■ WORK ITEM
Please transcribe the data below exactly. Leave the pictures out.

■ DATA BLOCK
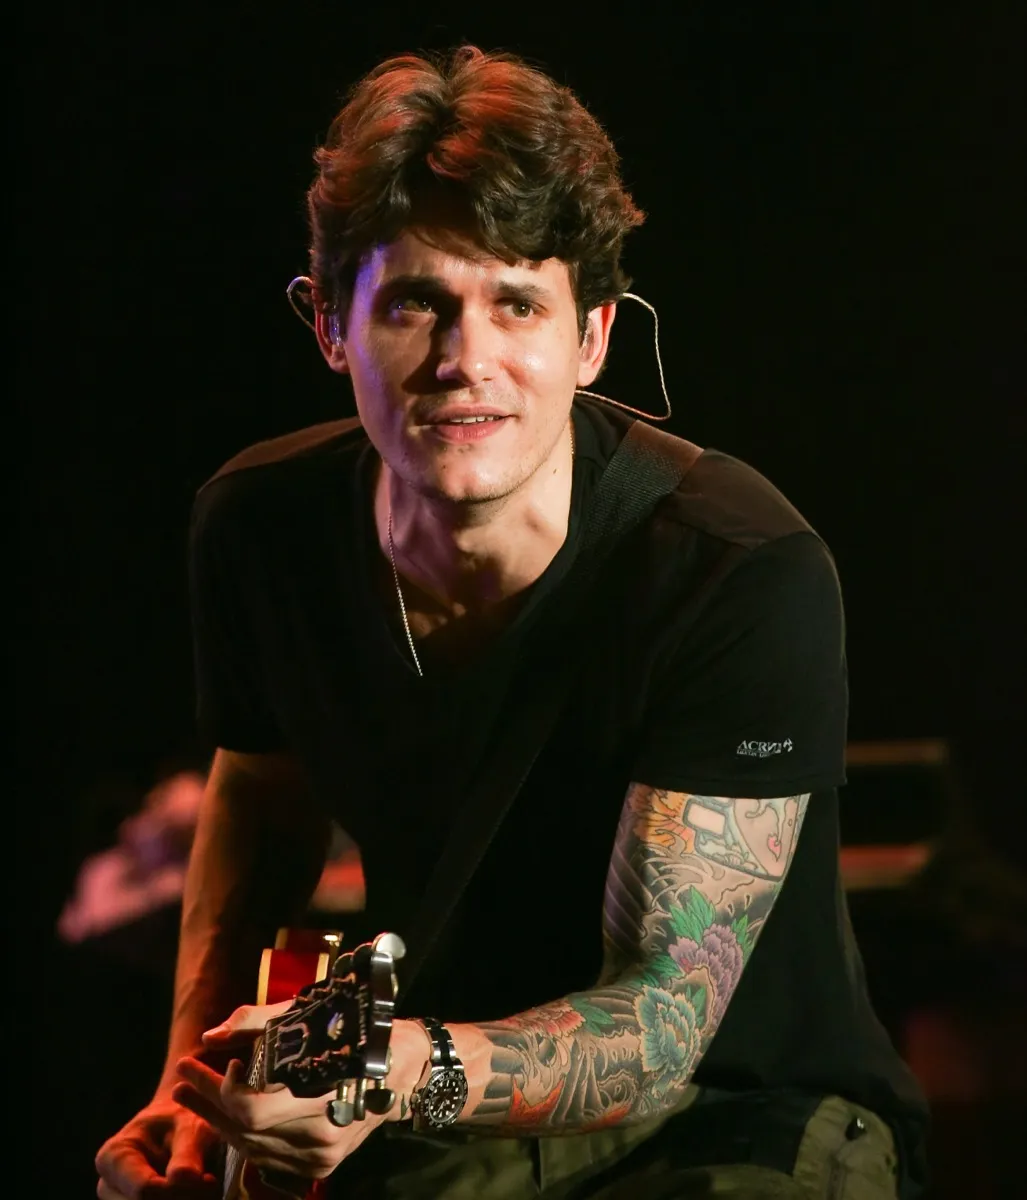 John Mayer in 2010
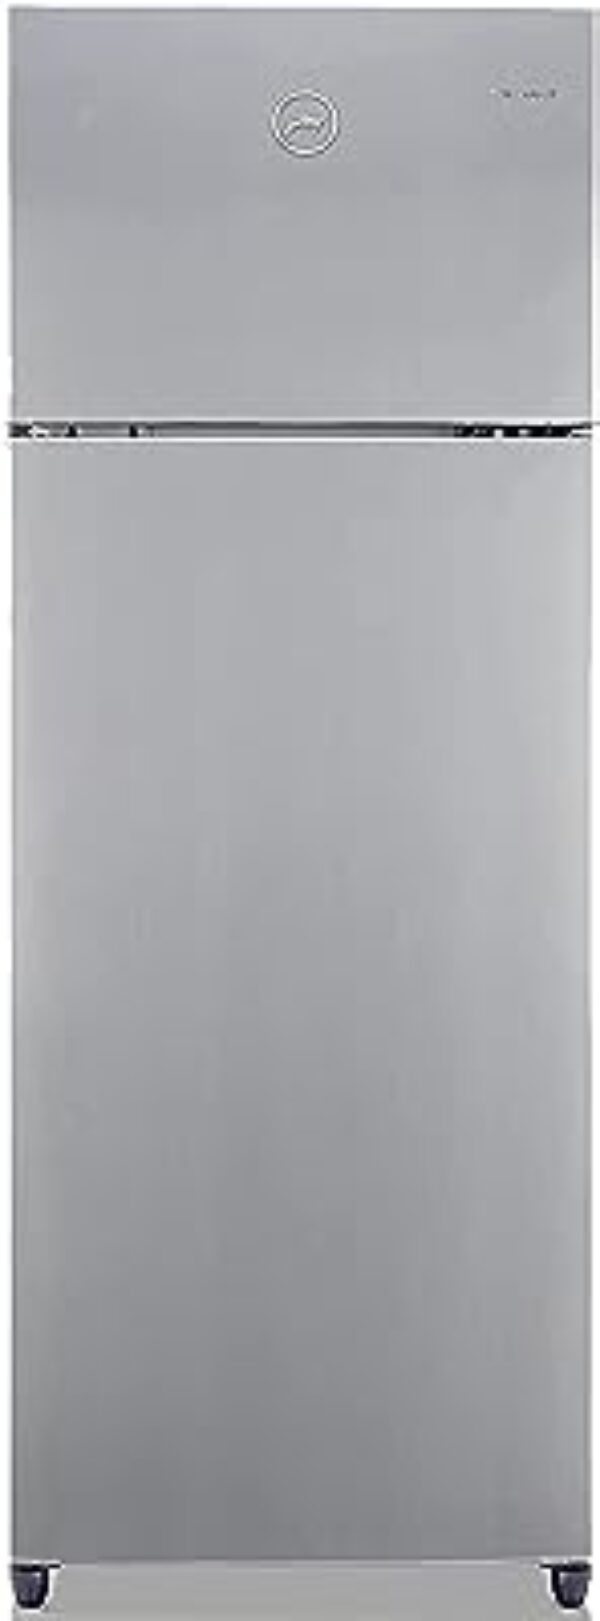 Godrej 265L Inverter Double Door Refrigerator
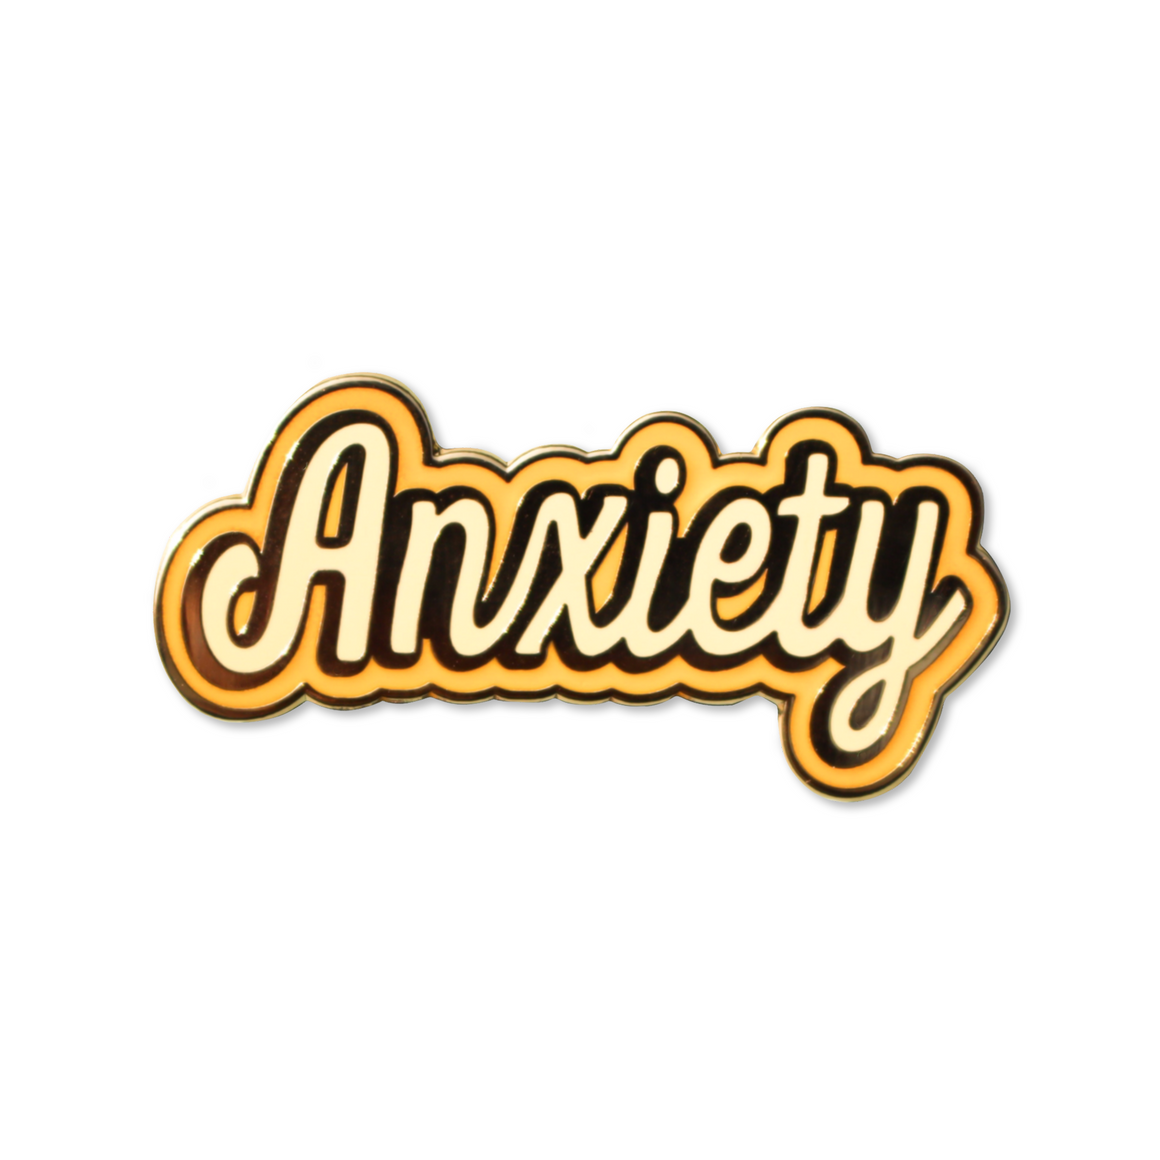 anxiety | enamel pin
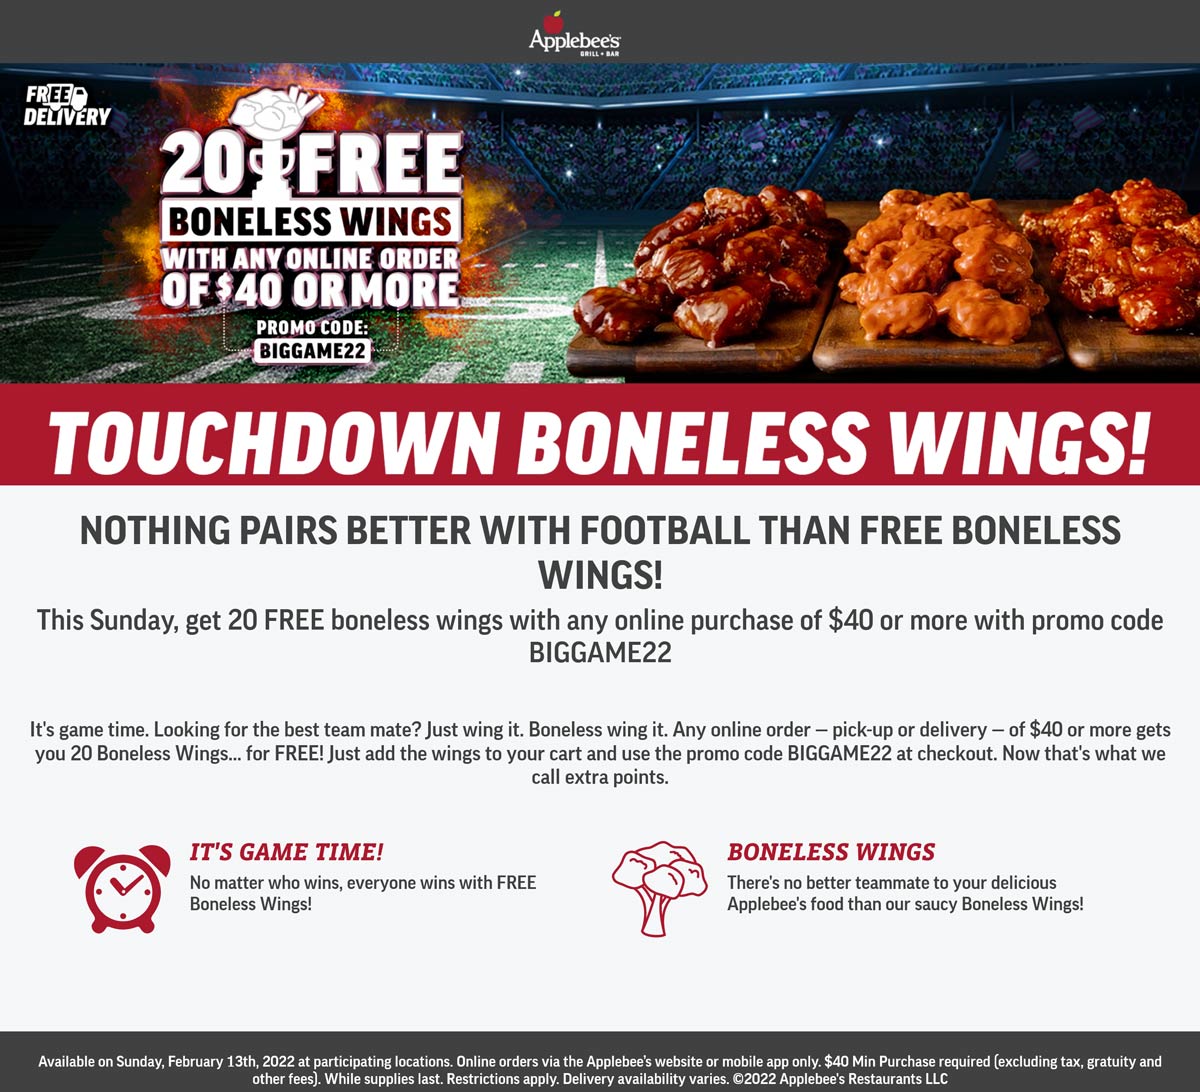 Applebees restaurants Coupon  20 free boneless chicken wings with $40 spent Sunday at Applebees via promo code BIGGAME22 #applebees

■ RESULT
 John Mayer in 2010
 Godrej 265L Inverter Double Door Refrigerator
 anxiety | enamel pin
 Applebees restaurants Coupon  20 free boneless chicken wings with $40 spent Sunday at Applebees via promo code BIGGAME22 #applebees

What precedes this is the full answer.